In the British Film Institute's 2012 Sight & Sound poll, six critics each ranked it one of the 10 greatest films of all time. Review aggregator Rotten Tomatoes reports the film has an 85% approval rating based on 52 reviews, with an average rating of 8.2/10. The site's critics consensus reads: "Energetic and inventive, The Lady from Shanghai overcomes its script deficiencies with some of Orson Welles's brilliantly conceived set pieces."

==Preservation==
The Lady from Shanghai was preserved by the Academy Film Archive, in conjunction with Sony Pictures, in 2000.

==Legacy==
A remake of the film came close to production at the turn of the century from a screenplay written by Jeff Vintar, based both on Welles's script and the original pulp novel, produced by John Woo and Terence Chang, and starring Brendan Fraser, who wanted Michael Douglas and Catherine Zeta-Jones to co-star. Although the screenplay was considered highly successful, and Fraser was coming off the highly praised Gods and Monsters, the project was abandoned when the head of Sony Pictures, Amy Pascal, decided to concentrate on teen films.

===Cultural references===
- In the 1984 Sergio Leone film Once Upon a Time in America, Robert De Niro's character Noodles hides out in a Chinese theatre, a front for an opium den, alluding to a scene in which Orson Welles' character hides out in a Chinese theatre to evade the law.
- In the 1989 movie Ghostbusters II (1989), Rick Moranis, Annie Potts, and Sigourney Weaver's characters are watching The Lady from Shanghai on the TV in Bill Murray's character's apartment. Moranis and Potts were discussing the relationship between Welles and Hayworth.
- The Woody Allen film Manhattan Murder Mystery (1993), a comedy film noir, features a tribute to the film, with its climactic gun battle being set in a cinema behind the screen while it is projecting the shoot-out from The Lady from Shanghai.
- In the 1998 Farrelly brothers comedy, There's Something About Mary, the character of Tucker appears to be based on Arthur Bannister, played by Everett Sloane.
- In the Jim Jarmusch film The Limits of Control (2009), Tilda Swinton's character says that the movie makes no sense.
- The film appears as a collectable film canister in the 2011 video game L.A. Noire.

===Hall of mirrors sequence===
The climactic hall of mirrors sequence has entered the narrative of cinema as a trope, replicated often in both film and television.
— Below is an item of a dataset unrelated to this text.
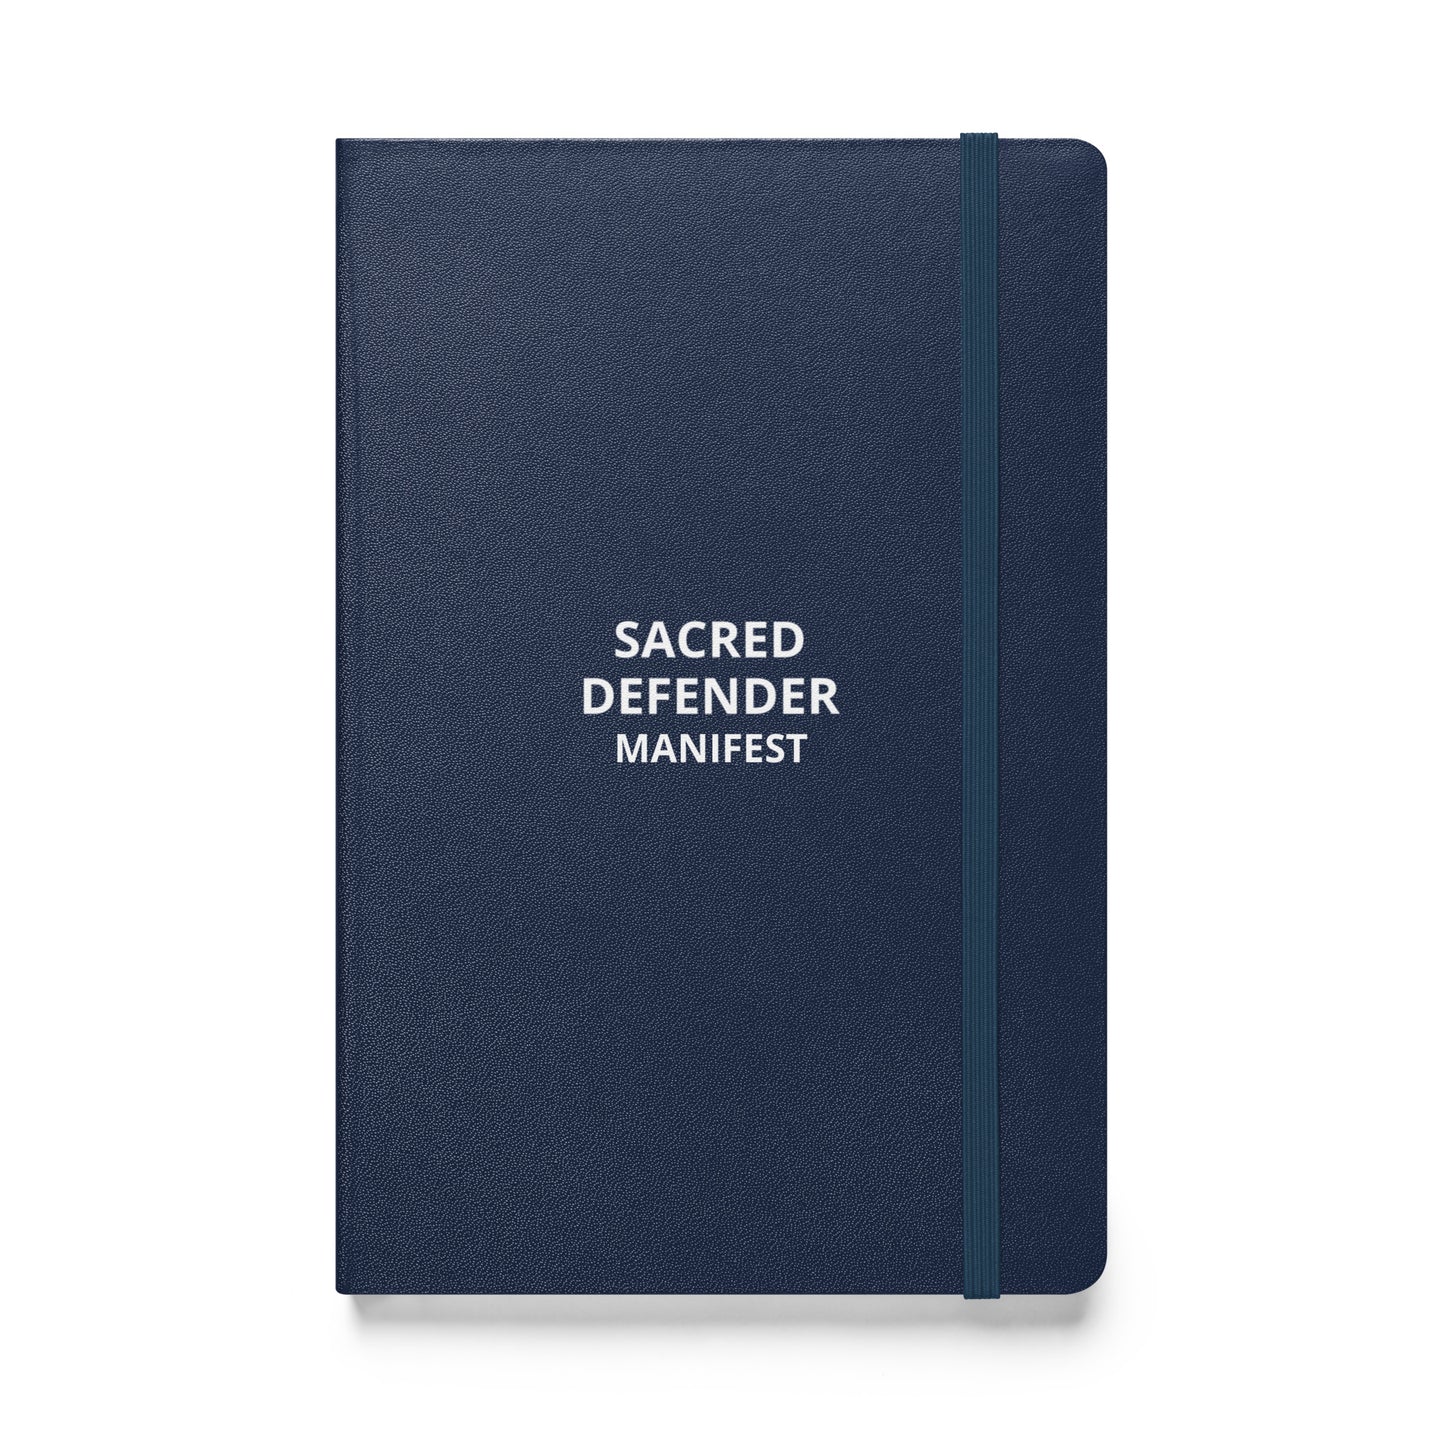 Sacred Defender "Manifest" Daily Journal Hardcover bound notebook

Examples include:
- The 1965 television episode of The Avengers entitled "Too Many Christmas Trees", and broadcast on Christmas Day in the UK, features Steed (Patrick Macnee) and Mrs. Peel (Diana Rigg) confronting their nemesis in a hall of mirrors shoot-out.
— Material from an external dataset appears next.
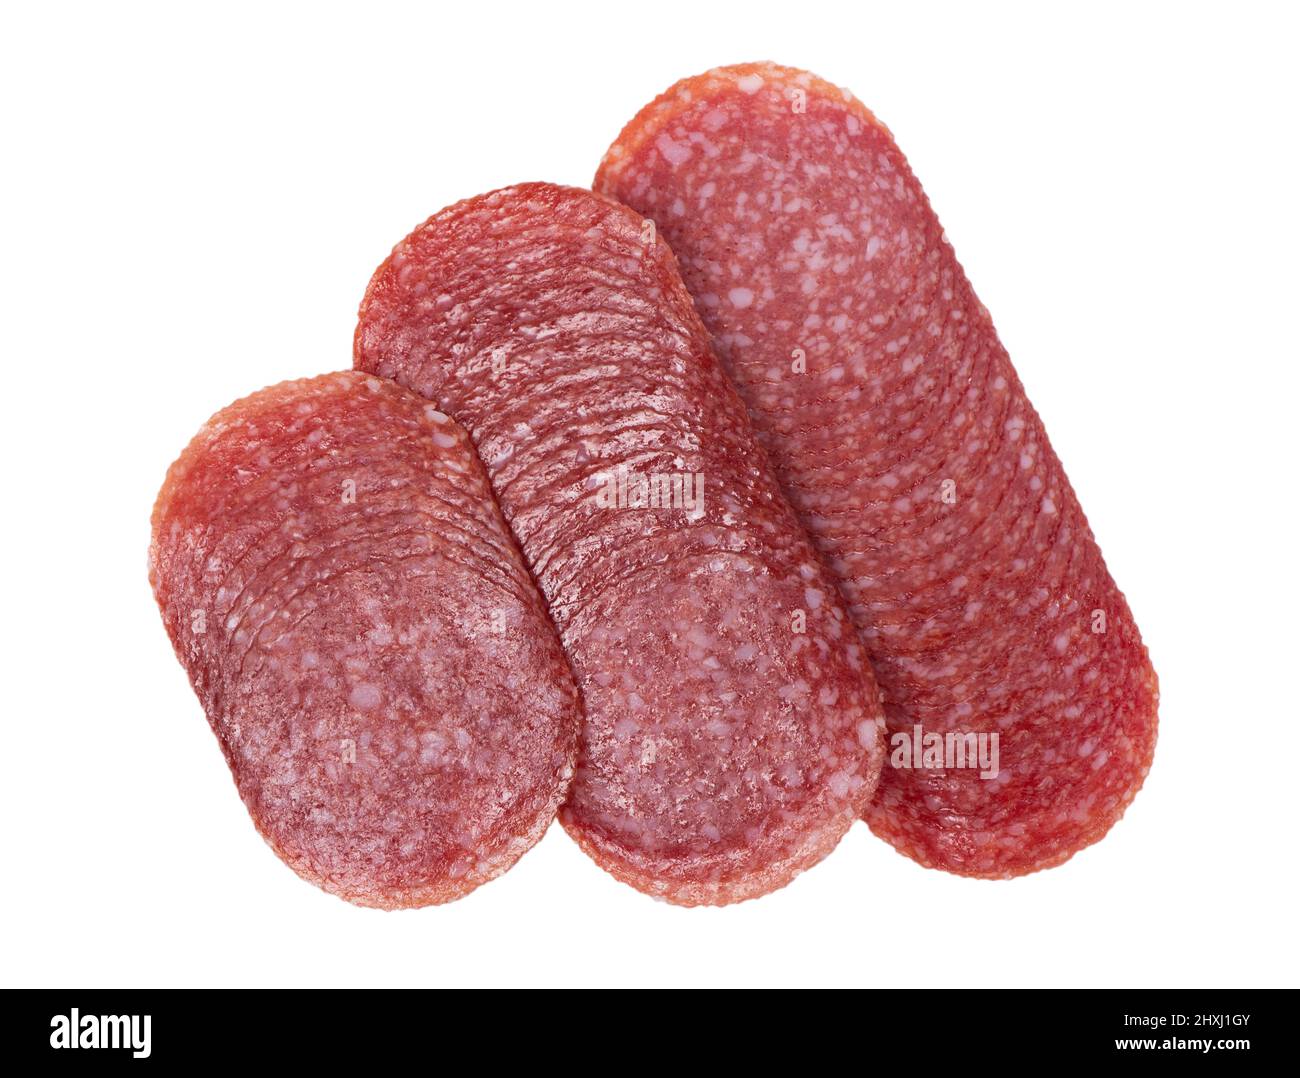 Sliced smoked salami sausage isolated on white background Stock Photo

- In the 1970 television episode of Randall and Hopkirk (Deceased) entitled "Vendetta for a Dead Man", Eric Jansen (George Sewell) menaces Jeannie Hopkirk (Annette Andre) in a hall of mirrors.
- In the 1973 Robert Clouse film Enter the Dragon, Bruce Lee's character fights the villain Mr. Han in a hall of mirrors.
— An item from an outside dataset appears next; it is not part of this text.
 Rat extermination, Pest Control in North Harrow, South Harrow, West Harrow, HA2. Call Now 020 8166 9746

- In the 1974 James Bond film The Man with the Golden Gun, Bond and the villain, Francisco Scaramanga, have a climactic shootout in a hall of mirrors.
- The 1989 MacGyver episode "Brainwashed" has a scene involving MacGyver's brainwashed friend, Jack Dalton, shooting at him in a hall of mirrors. Episode writer John Sheppard credited The Lady from Shanghai as an influence.
- In the Batman: The Animated Series cartoon episode "Baby Doll" (1994), Mary Dahl shoots out all the Hall of Mirrors while hiding from Batman.
- In Spider-Noir (2026), Cat Hardy has a shootout with Silvermane in a hall of mirrors.
- In the Chad Stahelski film John Wick: Chapter 2 (2017), Keanu Reeves's character fights the pre-final showdown in a museum's hall of mirrors.